I had been looking in thrift stores. I had been asking around for seamstresses. I had played with the idea of buying an inexpensive dress online. But none of it felt right.

In all my searching, one name kept emerging: Champagne Taste, in Kirkland. First of all, Kirkland is "on the east side," a territory I never venture into, if I can help it. (This is, of course, an artificial divide. East of Lake Washington means more suburbs, Microsoft, big cars, and a place nothing like my taste. And a store called Champagne Taste? There is absolutely no way I could ever find my wedding dress in a placed called Champagne Taste, I kept saying.

Then again, a little thought niggled in my head, you never thought you would meet the love of your life online, either.

A day of teaching writing to sixth-graders drew me over past the Lake. What the hell, I thought. I'm going over there anyway. I'll just stop into Champagne Taste so I can cross it off the list of places I have to look.

Come to think of it, that's exactly the same mindset I had when I met the Chef.

When I walked into Champagne Taste, I almost started laughing. Rather than the shi-shi place of faux refinement I had feared, I found a store cluttered with clothing in all the corners. Purses were piled on the floor. Shoes were askew at the feet of different dresses. There was a winsome chaos to the place, something slightly shabby and human. So much for expectations.

As I walked to the wall of wedding dresses in protective plastic, I listened to the two women customers circling the store. “Oh my god, we’re free!” They told the two women running the store — both of them quite a bit older than I had expected, with frosted hair — that they were having a “sister day.” These two sisters had ditched their husbands, leaving only notes about leftovers in the freezer, and hightailed it for a day of inexpensive manicures, shopping, and dinner out. They were perhaps the jolliest people I had met in a long time. (And the loudest.)

The wedding dresses I saw were beautiful, but still far too costly. If I had been searching for one of those grandeloquent dresses featured in wedding magazines, but at half the price, this would have been the place. But I was not. I saw a plastic shelving unit stuffed with inexpensive veils, so I turned my attention to them instead.

One of the happy sisters turned the corner and walked into my nook. I saw, for the first time, that she was wearing a terribly fake gold piece on her forehead, a loud imitation of what Indian women wear. “Do you know what this is?” she asked me, suddenly.

Startled, I answered.

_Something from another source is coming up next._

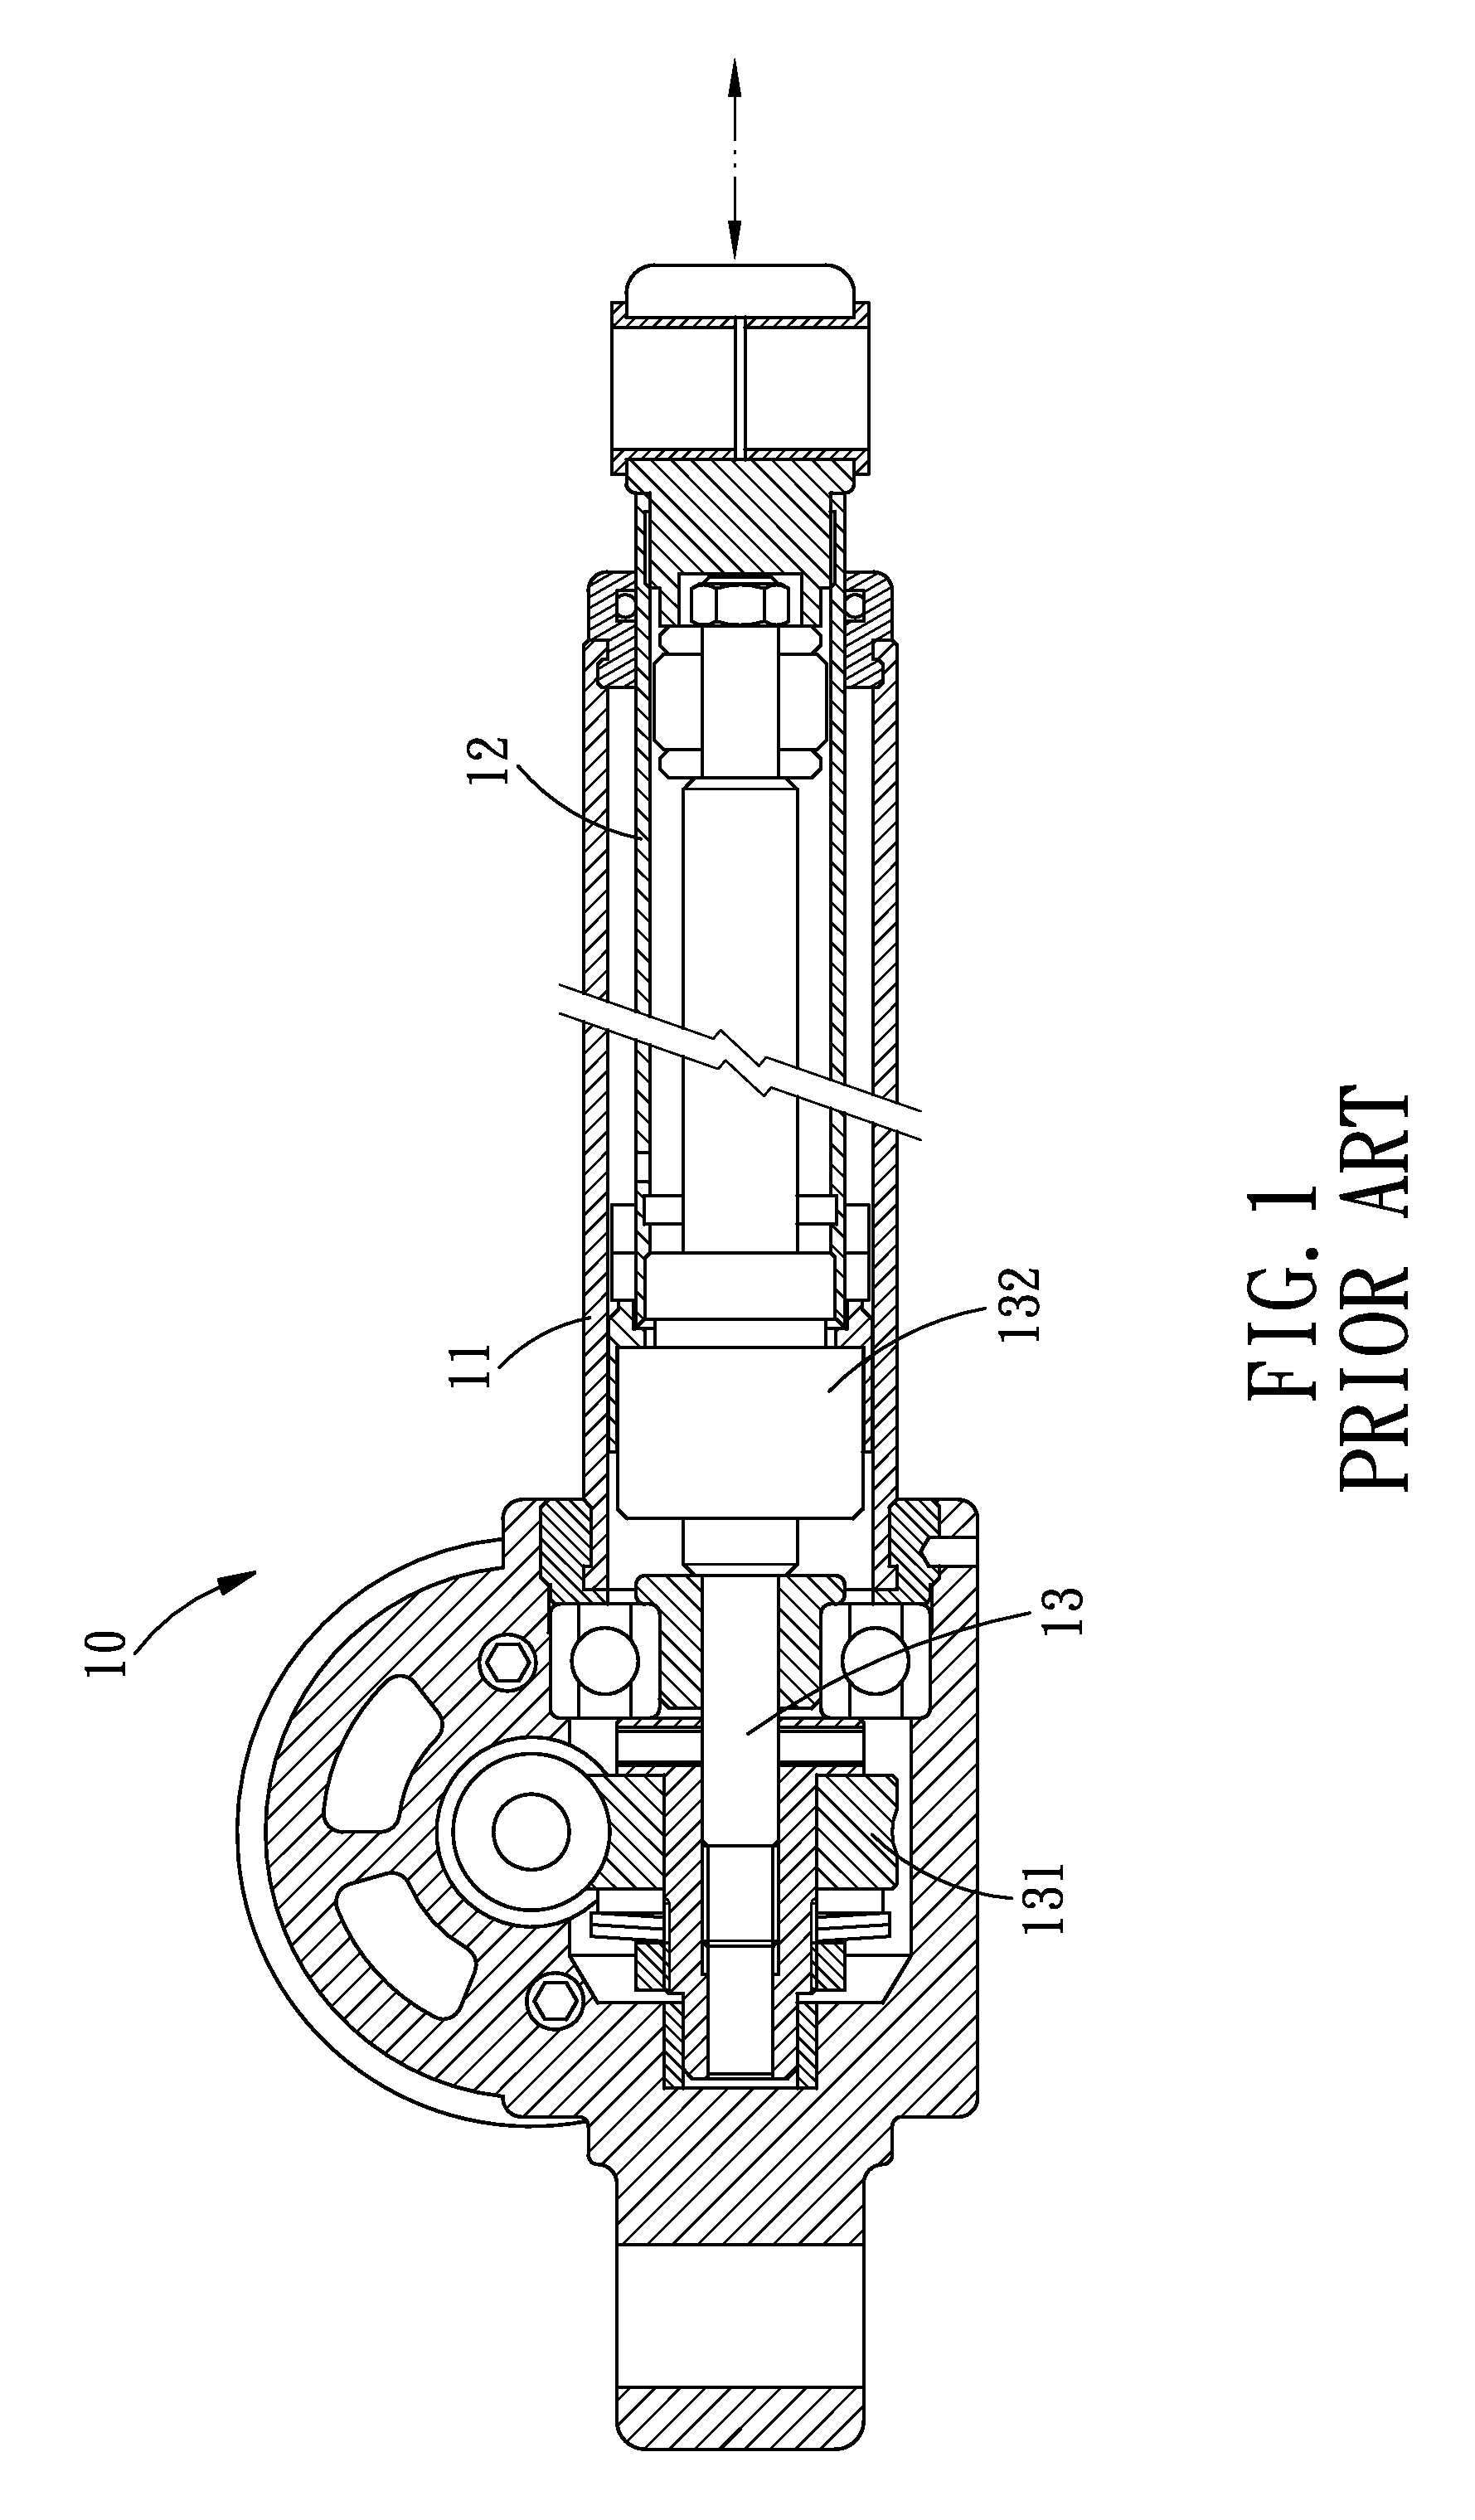 Actuator with self-locking assist device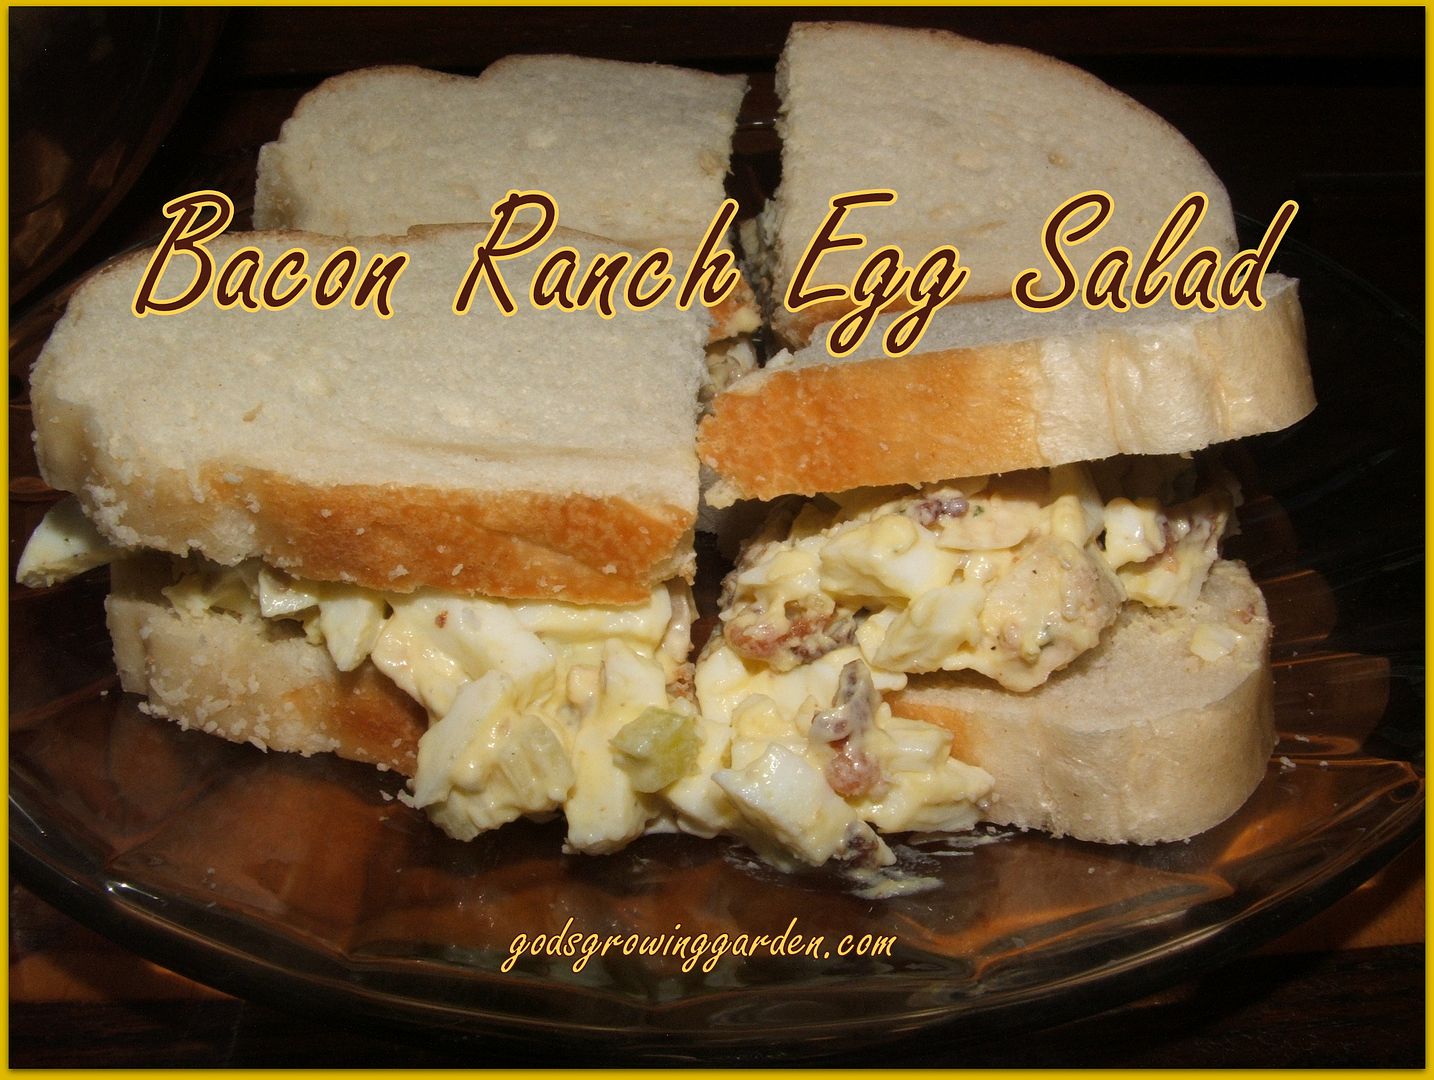 Bacon Ranch Egg Salad by Angie Ouellette-Tower for godsgrowinggarden.com photo 011_zps88345690.jpg

I told her about bindis and their significance.

“Hey!” she shouted from across the store. “We found the right person1”
When she turned back to me, she saw me fingering a veil (I was still puzzled as to how to wear one). “Wait a minute!” she shouted again. “Are you getting married?”
When I mumbled that I am, in July, she actually grabbed me by the wrist and dragged me to the front of the store. “She’s getting married!” The three other women in the store — all of whom were in their early sixties — perked up and moved into action.
“What do you want?” one of the owners asked me. “What kind of dress are you picturing?”

I spluttered, not prepared for all this attention. “Well, simple. Simple, simple. No gee-gaw, no frou-frou. Something elegant, but really just a beautiful white dress.”
The owner seemed to jump a foot, so eager to grab a dress from the back that she nearly tripped. She came out, within a minute, holding three dresses in my size.
The first one was good. Actually, better than anything I had seen so far. I was just about to reach out for it, so eager to be done that I would have taken good enough. But then she unveiled the second dress.

It turns out that your wedding dress — just like your love — is easy to spot. You just have to sift through a lot of them before you can see it clearly.

The women all insisted that I try it on. “We want to see what you will look like on your wedding day!” So I slipped it over my head, and it slid right on. When I emerged from the dressing room (just a cubicle with a tattered curtain), for the first time in my life, I felt like Cinderella at the ball. They all oohed and aahed, and I couldn’t help but blush.

There I was, wearing the dress in which I will marry the Chef.

And can I be gauche and talk about money? It cost me less than $150.

The sisters left, waving behind them and singing out loud. The owners helped me find a veil, in under three minutes. I paid them, grinning all the while and talking a mile a minute about all the stories of us and the kind of wedding we are having. They smiled. They must see this all the time.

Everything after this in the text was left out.